Hart is the author of seven books and 63 articles in United States and Latin American presses and scholarly journals. He recently completed two forthcoming books: The Invasion of Texas and The Free Republic of Mexico:  The Origins and Development of Villista and Zapatista Populism.

Selected Publications

  • Empire and Revolution: The Americans in Mexico Since the Civil War (The University of California Press, 2002). Spanish edition published by Oceano and the Consejo Nacional de Cultura y Artes (Mexico City, 2010).
  • Revolutionary Mexico: The Coming and Process of the Mexican Revolution (The University of California Press, 1987).
  • El Mexico revolucionario: gestacion Y proceso de la revolucion mexicana (Alianza Editorialo Mexicana, 1990).

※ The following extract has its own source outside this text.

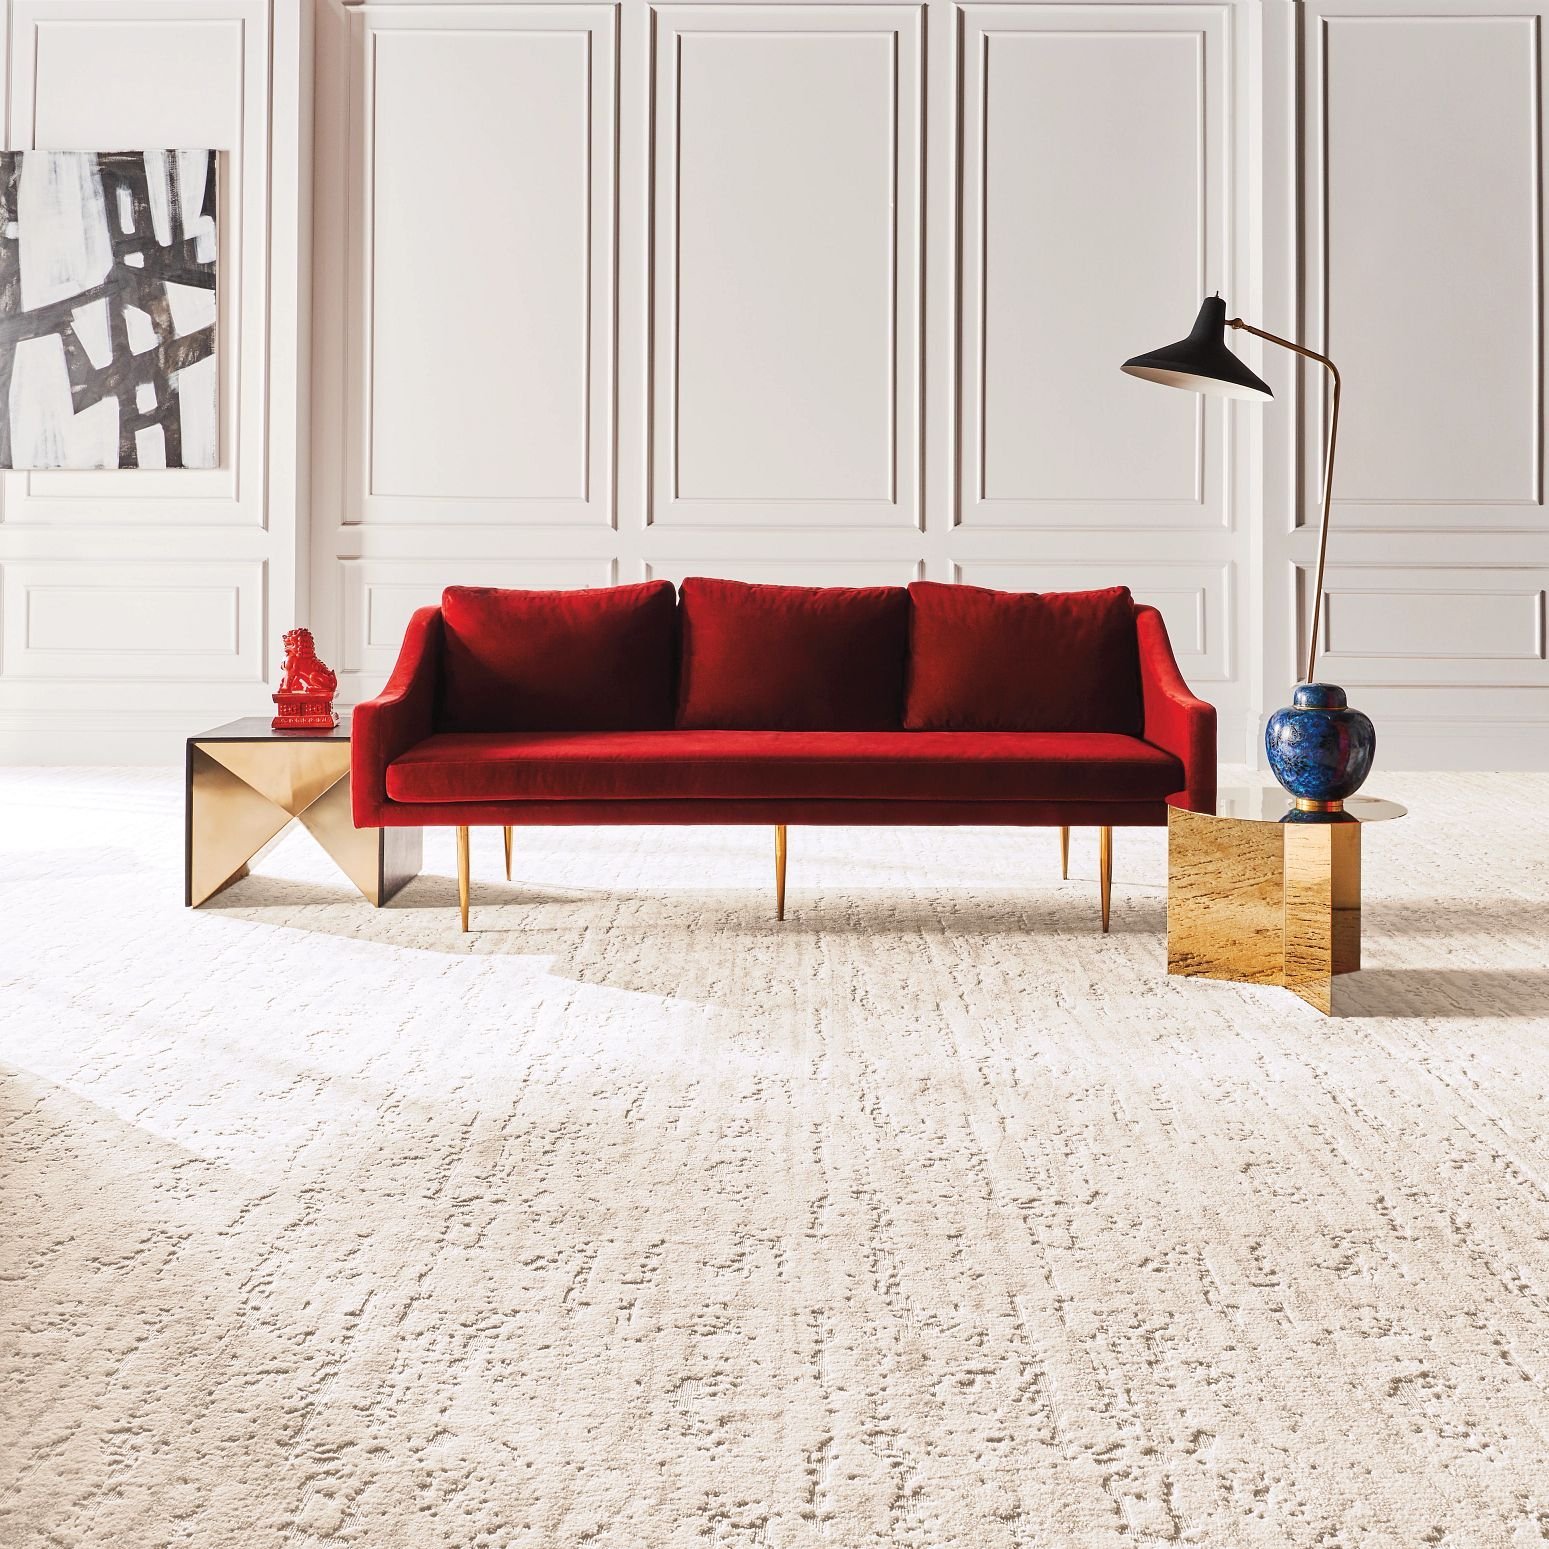 Red sofa on beige carpet from Carpet Studio & Design Inc. in Los Angeles, CA
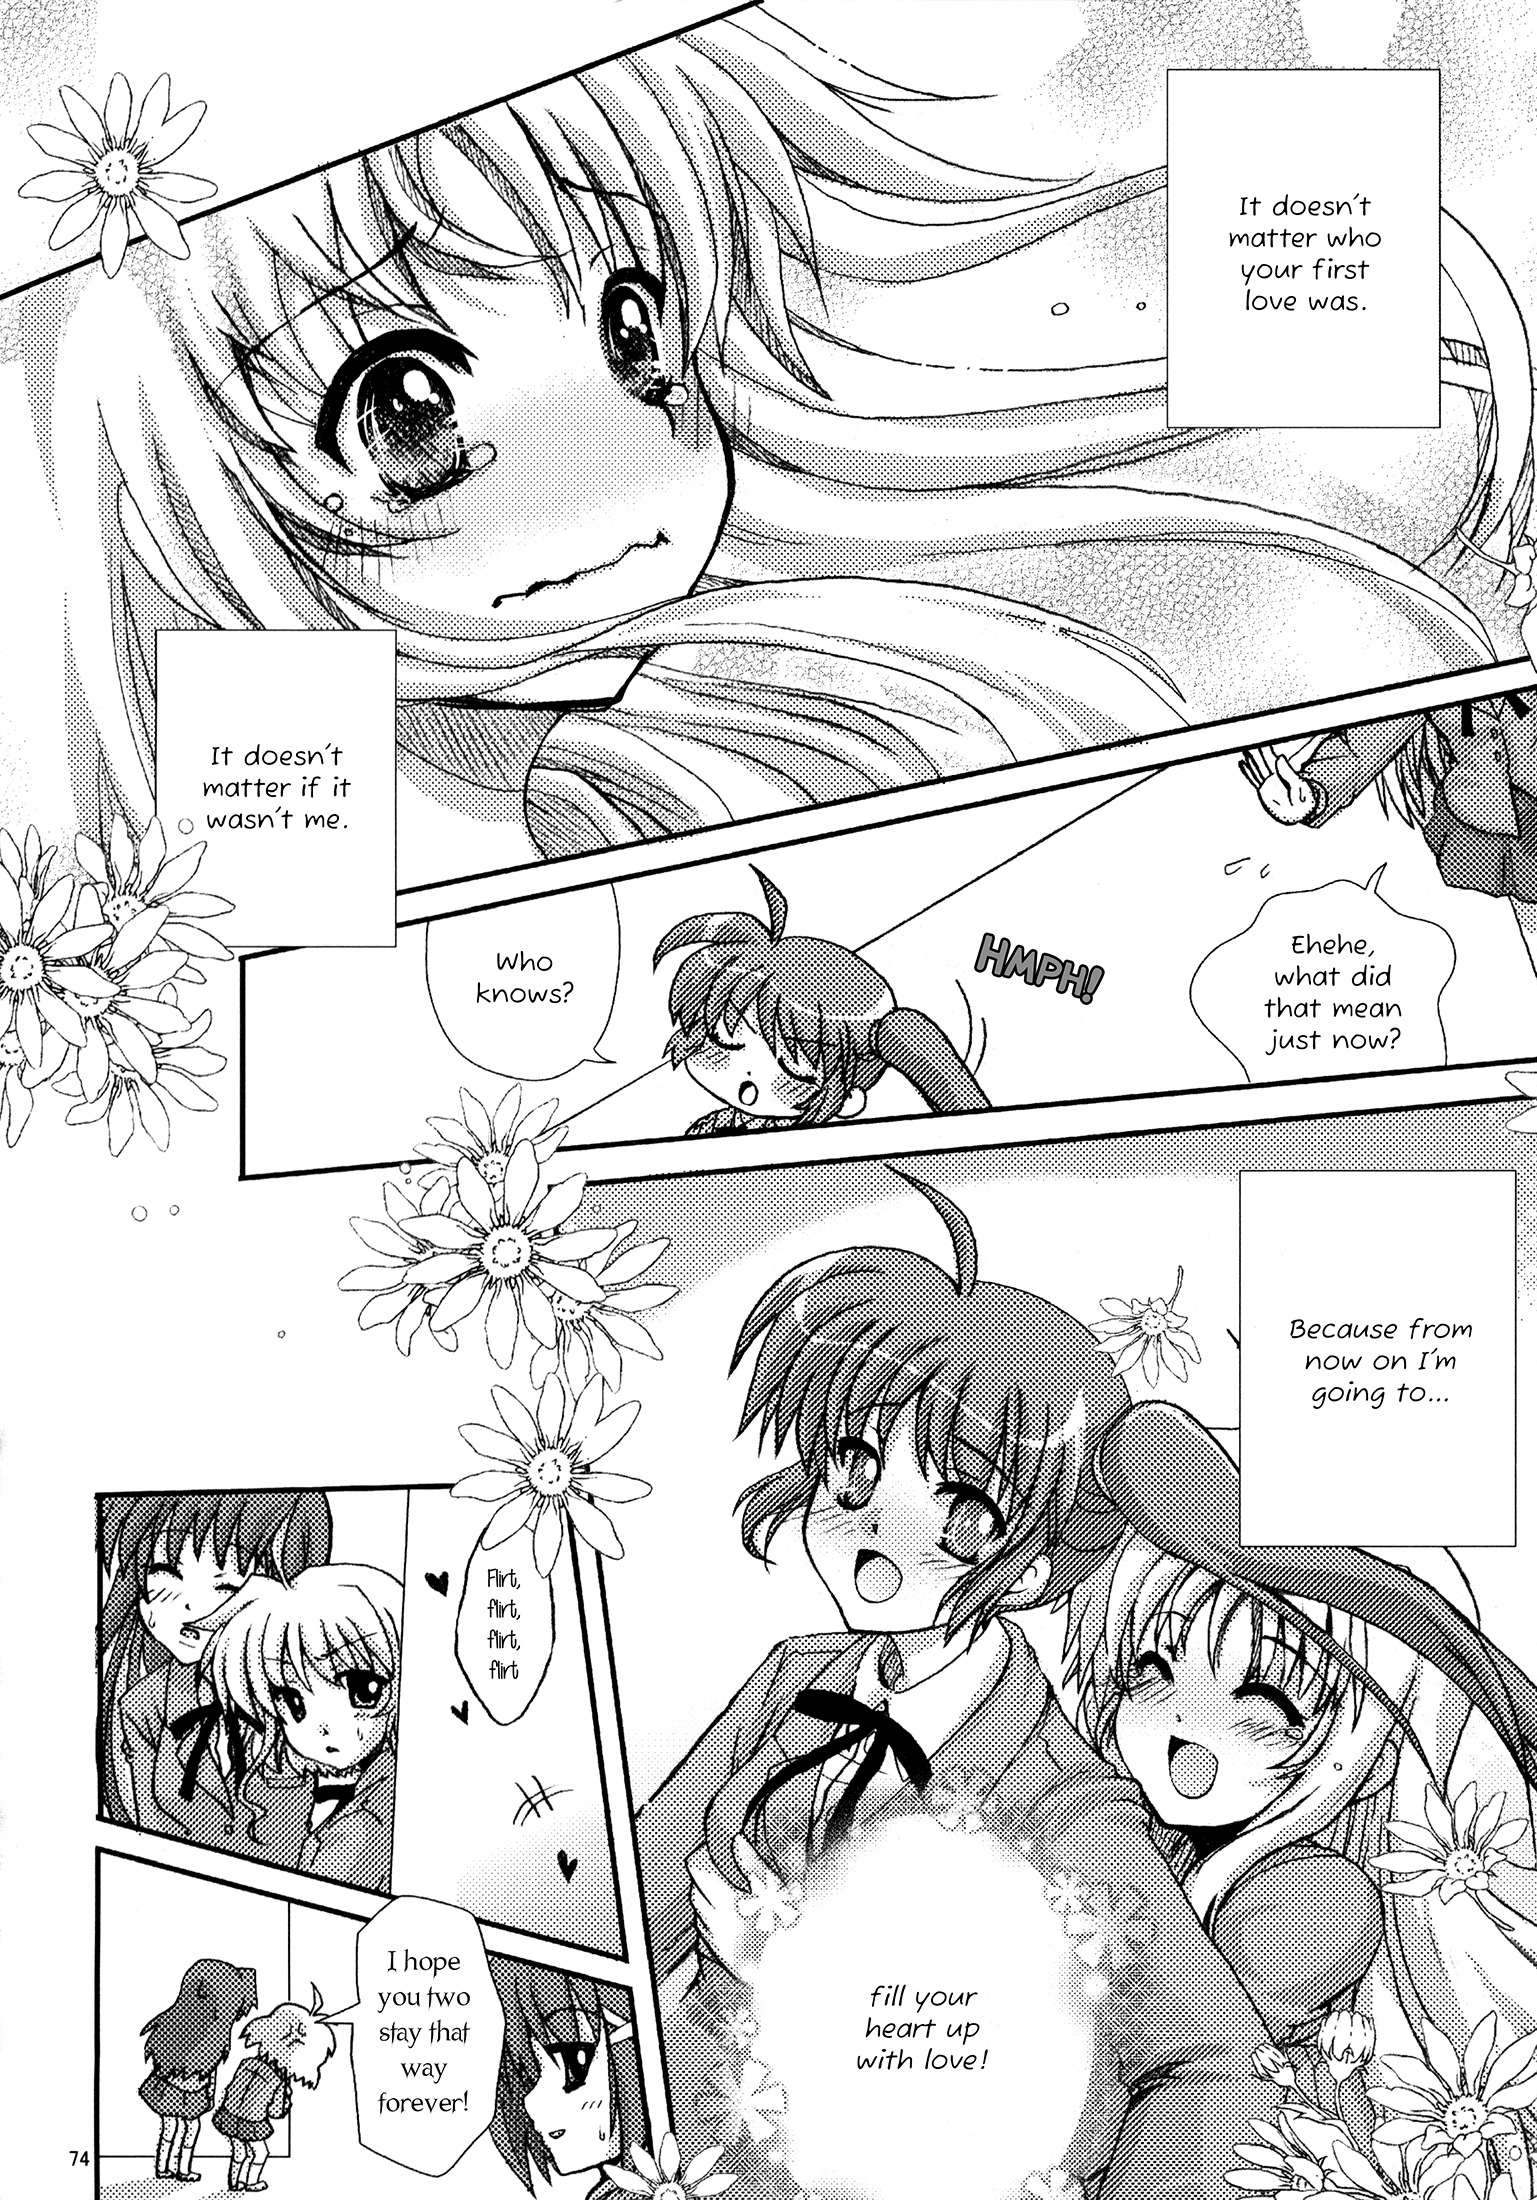 Mahou Shoujo Lyrical Nanoha - A Magical Girl’s First Love Story (Doujinshi) Oneshot

  • Border Crossings: Mexican and Mexican-American Workers, (Scholarly Resources, 1998).
  • Anarchism and the Mexican Working Class, 1860-1931 (University Press of Texas, 1976).
  • El anarquismo y la clase obrera mexicana, 1860-1931 (Siglo XXI, 1980).
  • Los anarquistas Mexicanos (Sepsetentas, 1974).
  • Anarchism and the Mexican Working Class, 1860-1931 (University Press of Texas, 1976).
  • El anarquismo y la clase obrera mexicana, 1860-1931 (Siglo XXI, 1980).